Pour quelqu'un comme moi qui ai passé la majeure partie de ma vie en Occident, en dehors de mon pays de naissance, le problème du racisme est vécu de façon dramatique. Déjà au pays, les missionnaires et les autres expatriés me paraissaient supérieurs, riches, bien dans leur peau, alors que pesait sur nous le sort de la pauvreté et de la misère. Mes séjours en Italie, en Suisse et en Allemagne, m'ont montré la place qu'occupe dans le monde ma race, la race à laquelle je m'identifie et dont je suis forcé d'accepter le destin. J'ai beaucoup observé. J'en suis devenu conscient. J'ai compris que le racisme est une culture de la différence, qui s'acquiert déjà enfant au fil des années. Le racisme n'est pas inné, il est instillé dans le cœur des enfants et des adultes. La vie fait le reste. On l'a encore vu en Ukraine où des Noirs ont été abandonnés au quai des trains à leur triste sort alors que les Ukrainiens et autres Blancs prenaient le train pour fuir l'invasion russe. En Afrique, les Blancs ont partout priorité dans leurs avions et bateaux lorsqu'il s'agit de fuir une insurrection ou une rébellion. Ils ont l'argent, ils ont les moyens, ils ont le pouvoir, et peuvent tout se permettre dans n'importe quel coin du monde. Un pays africain qui oserait bloquer des Européens serait envahi, détruit sans autre forme de procès. Que font les Français en Afrique avec leurs bases d'opération? Je n'irai pas jusqu'à parler de racisme, c'est tout comme. Tous les stéréotypes possibles peuvent être évoqués pour expliquer ce néocolonialisme qui ne dit pas son nom.

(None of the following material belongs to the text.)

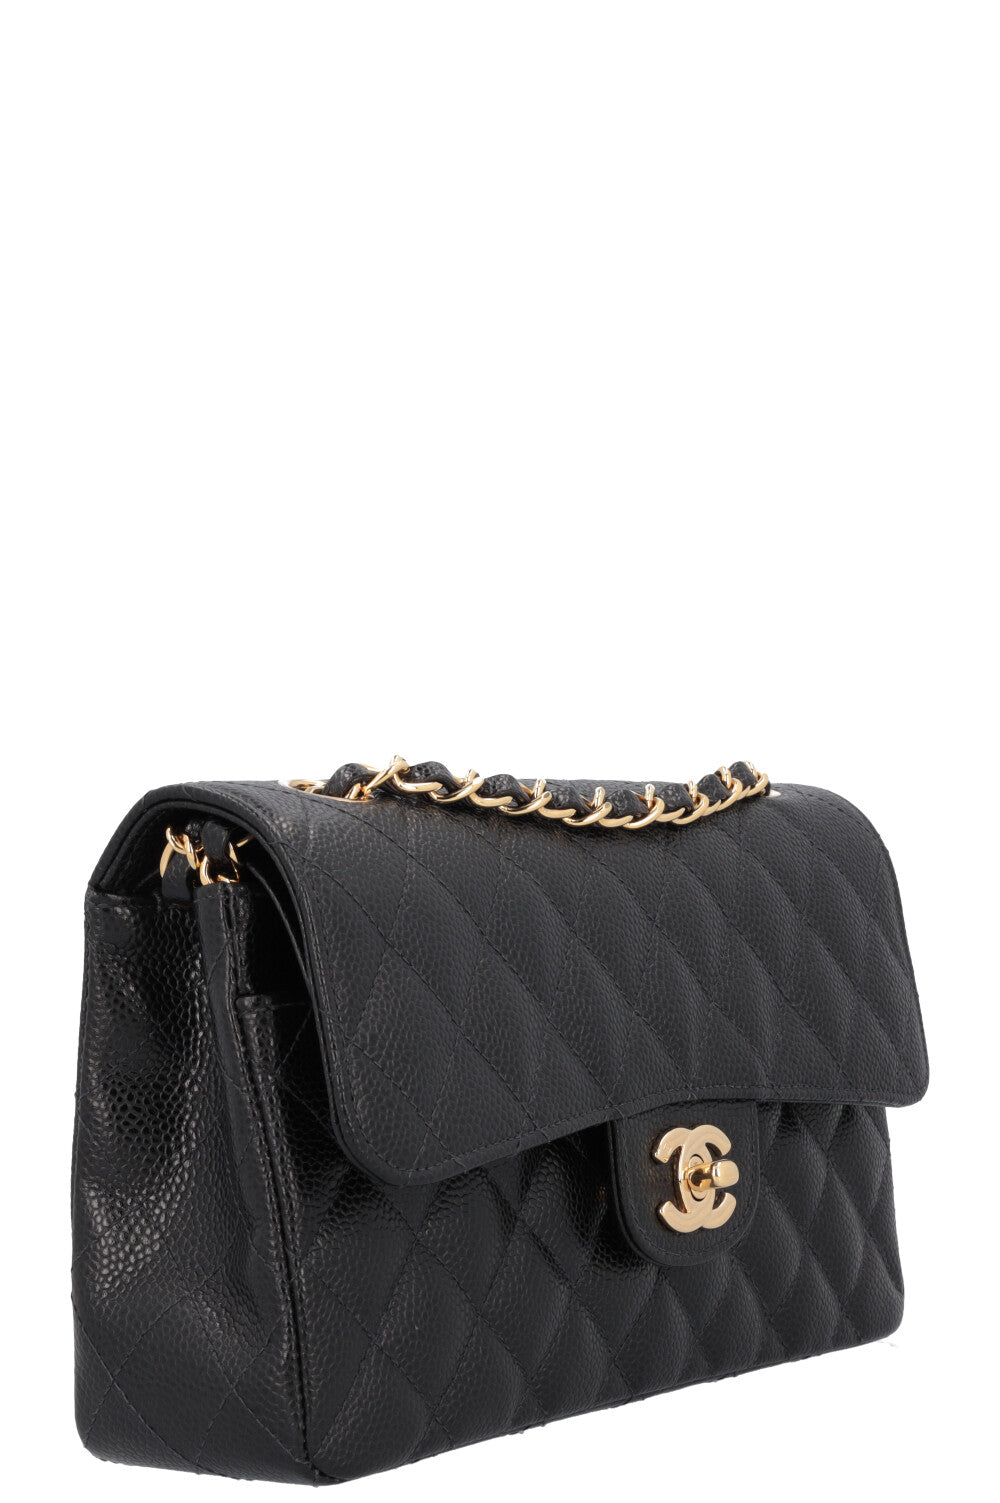 CHANEL Small Double Flap Bag Caviar Black

Beaucoup de choses peuvent encore se dire à ce sujet. J'ai seulement voulu partager cette réflexion spontanée pour conscientiser mes lectrices et lecteurs au sujet de ce phénomène qu'est le racisme. La différence raciale a été élevée au rang de critère décisif d'humanité. Autant de complexes ambigus à éradiquer pour reconnaître l'essence humaine dans sa totalité en chaque homme, sans distinction!